Teamwork. Probably this lack of passionate convictions has helped make Kaufman the ideal collaborator. His adaptable, accommodating mind is geared to avoid collisions. It is also geared to let the other fellow's personality, rather than Kaufman's, permeate the play. What colors Beggar on Horseback, for example, is the pleasantly housebroken imaginativeness of Marc Connelly; what colors The Royal Family is the romantic bustle of Edna Ferber. The plays Kaufman has written with Moss Hart are better fused because, as comic playwrights, the two men are cut to much the same pattern.

Kaufman's own reason for constantly collaborating is simply that he needs collaborators, that he doesn't think his plays would be very good if he worked alone. Every collaboration is an evenly shared two-man job, with long preliminary stretches for working out every detail of plot, until suddenly "a bell rings" and the collaborators start their "star-chamber sessions" of writing. Every line of dialogue is written together. From start to finish, a play takes anything from five weeks (You Can't Take It With You) to seven months (The Royal Family), depending on the trouble it causes and the make-up of Kaufman's collaborator. Kaufman & Hart usually work much faster than Kaufman & Ferber.

Kaufman & Connelly separated, amicably, long ago. Connelly, Broadway has always intimated, was too "sot" in his ideas to work smoothly in harness. Of Hart, 15 years his junior, Kaufman says: "I have been smart enough as I grew older to attach to myself the most promising lad that came along in the theatre."

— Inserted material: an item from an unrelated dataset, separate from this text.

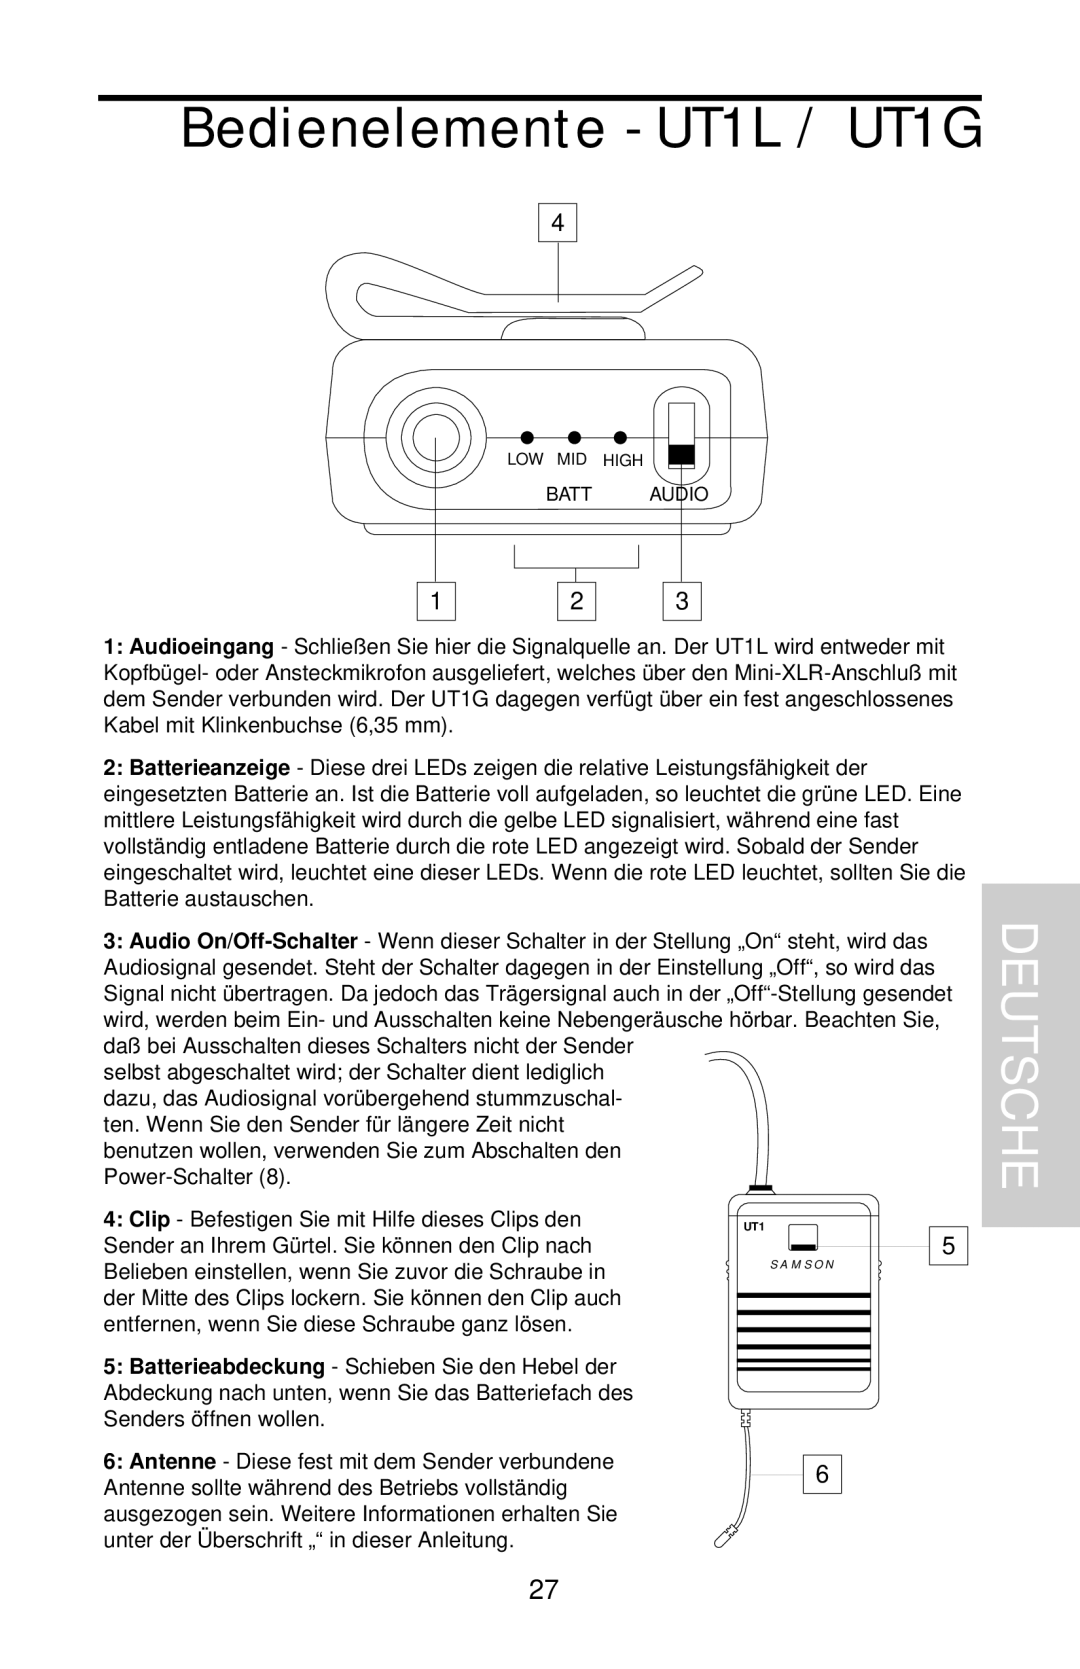 Samson UHF 801 owner manual Bedienelemente - UT1L / UT1G, Deutsche

Working with Kaufman means working with a perfectionist. Hart called their first job together "The Days of the Terror." The daily schedule was from 10 a. m. "until exhausted," which meant until starved as well, since Kaufman cares nothing for food. They would spend two hours shaping one short sentence, a whole day discussing an exit. Kaufman's working habits are notorious. "In the throes of composition," Collaborator Alexander Woollcott once said, "he seems to crawl up the walls of the apartment in the manner of the late Count Dracula."

It was perfectionism which also turned Kaufman into a director. He used to be driven half-crazy seeing other directors maul his lines, twist their meanings, spot a laugh where there was none. He first took over direction in 1925, on the only play he has written by himself, The Butter and Egg Man. He lacked confidence to finish the job, or even his next two or three, but since then he has directed almost all his own shows.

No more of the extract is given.